可最让她感觉刻骨铭心的,不是六年的同窗情谊,而是与另一个人六年的友谊。

她们曾经关系好到被共同好友调侃相好,几个朋友经常在一起说话聊天,她以为自己的依赖已经够明显,可她那位挚友,还是会在她又面无表情时,回答共同好友一句:“晚辞本来就不是很爱笑啊。”

那人经常会对谢晚辞说“爱你”,最出格的一次举动是从背后抱她,可只有她们两个知道,那时候,那位挚友只是虚抱着她。谢晚辞从来没有对她开玩笑说爱,手都没牵过。

后来分班,她们就这样没有了联系,那位挚友却成了谢晚辞唯一认可的,最好的朋友,更是她上了初中以后,唯一认可的朋友。

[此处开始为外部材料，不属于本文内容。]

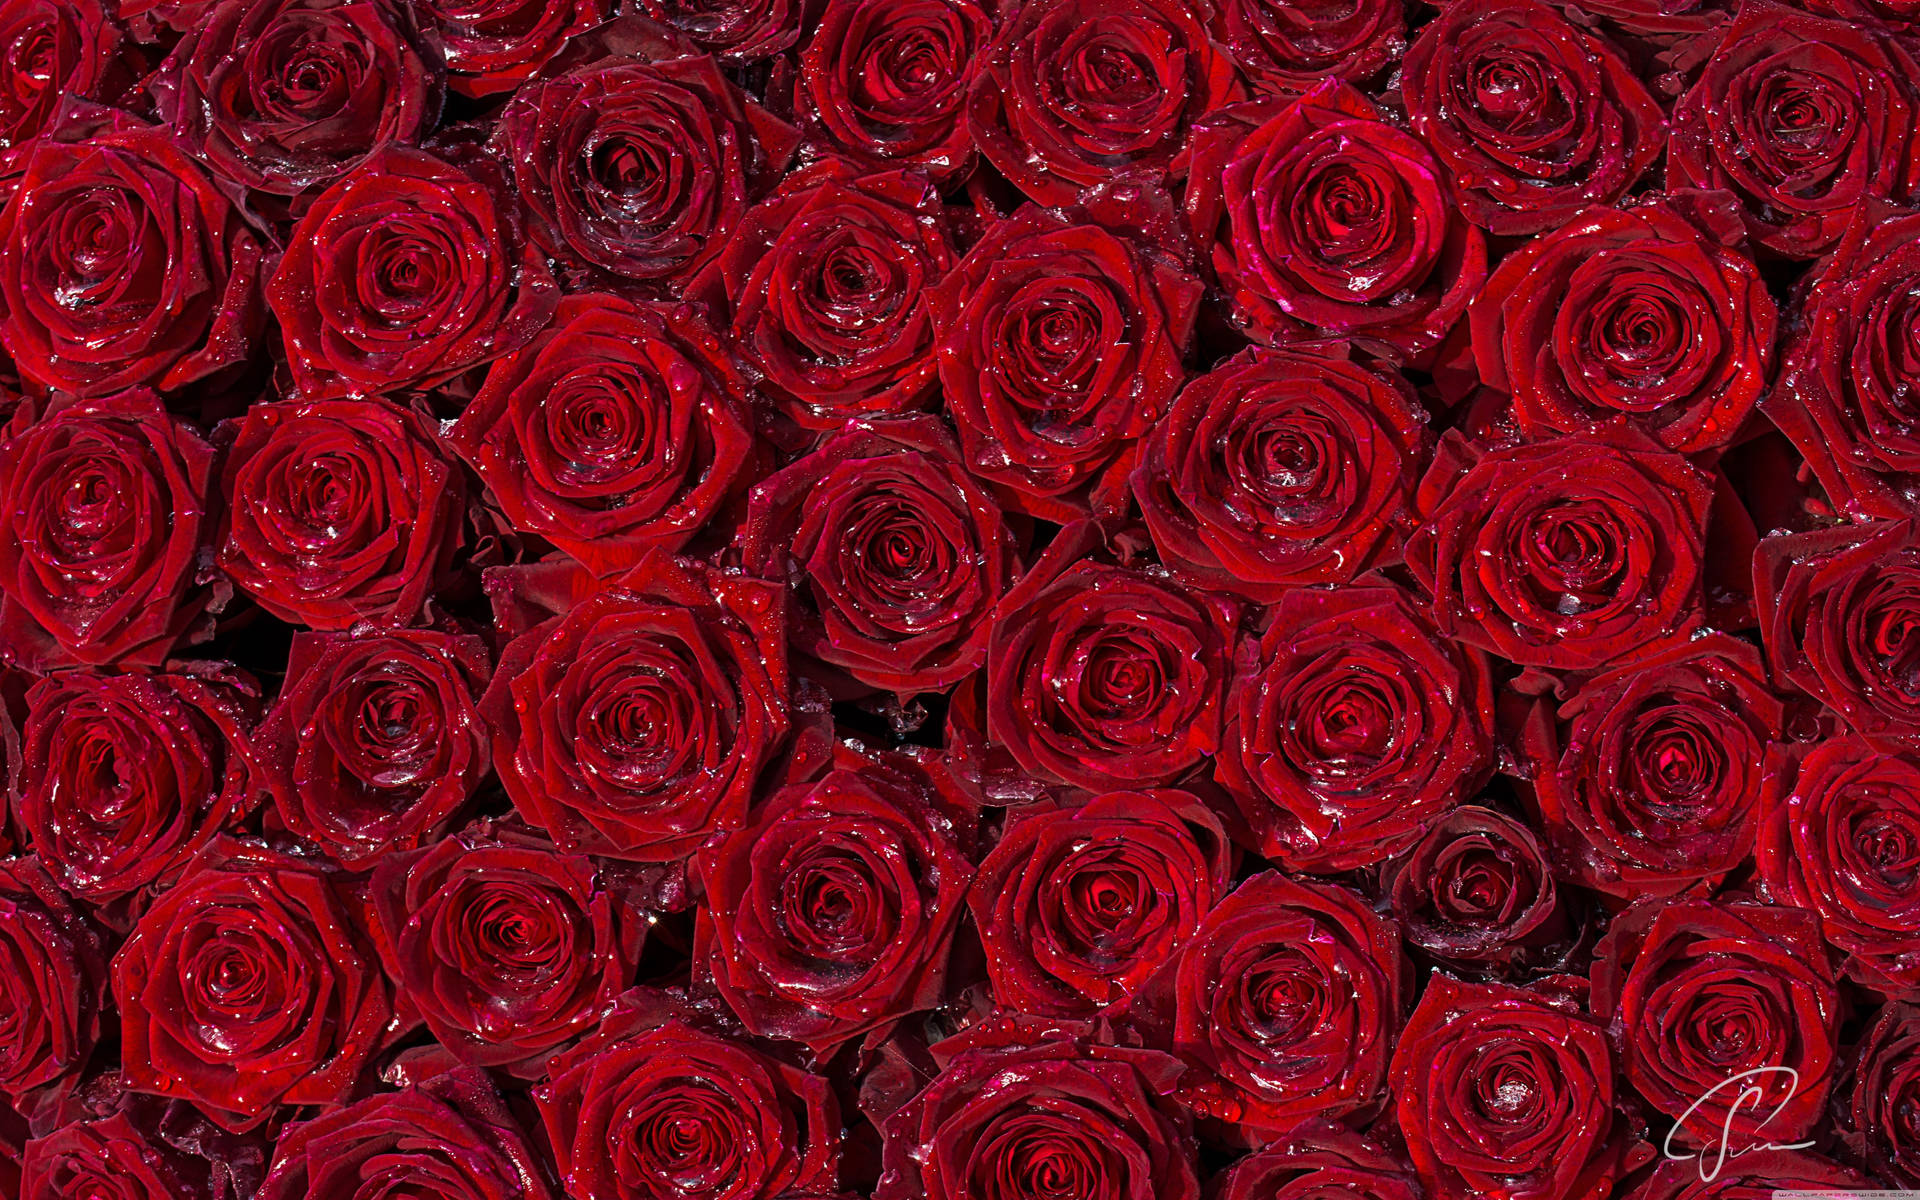 rose wallpaper hd backgrounds images | Growing roses, Gardening for  beginners, Rose garden design

谢晚辞自己也不知道,她是怎么变成这个样子,对朋友的定义与绝大多数人不同,门槛也比绝大多数人高。在他人看来,走得近,常说话,聊得很开心是朋友。

可对谢晚辞来说,尽管有一个人能满足以上三个条件,她依旧会在别人询问时,淡淡回复一句“同学而已”。只是那时候,谢晚辞仍愿意将那位挚友,称为自己最好的朋友,哪怕那时候,她们几乎没了联系,只是偶尔说话,聊得很愉快。

她忘了一切是从什么时候开始改变。

只记得,一切毁于初三下学期,谢晚辞与几个人产生了一些矛盾,她明确表示不再计较,却还是遭到那些人的排挤。而她那位挚友后来被卷入风波,在中考倒计时最后几天,与她断了所有往来。

谢晚辞依然记得,自己当时没有什么感觉,只是后来起风时,她会突然感慨一句:“当初以为会一直持续下去的关系,到最后,我谁也没有留住。”

她曾看到过同学在朋友晒的,与好朋友的各种合照,各种“永不分离”的文案,每当她浏览到这些内容时,她总会发自内心地感到不适,以及对这种文案观点的质疑。

她的母亲从小就与父亲离婚,在谢晚辞上高中后,给她租了一间离学校近的房子,自己去了外地打工。

如今,谢晚辞在雨幕中与全世界擦肩而过,记忆里的叶瑾希眉眼清晰,大脑无时不刻在提醒她,这是自己在黑暗世界中,唯一眷恋的窗边繁华,她曾将她视为自己的珍宝。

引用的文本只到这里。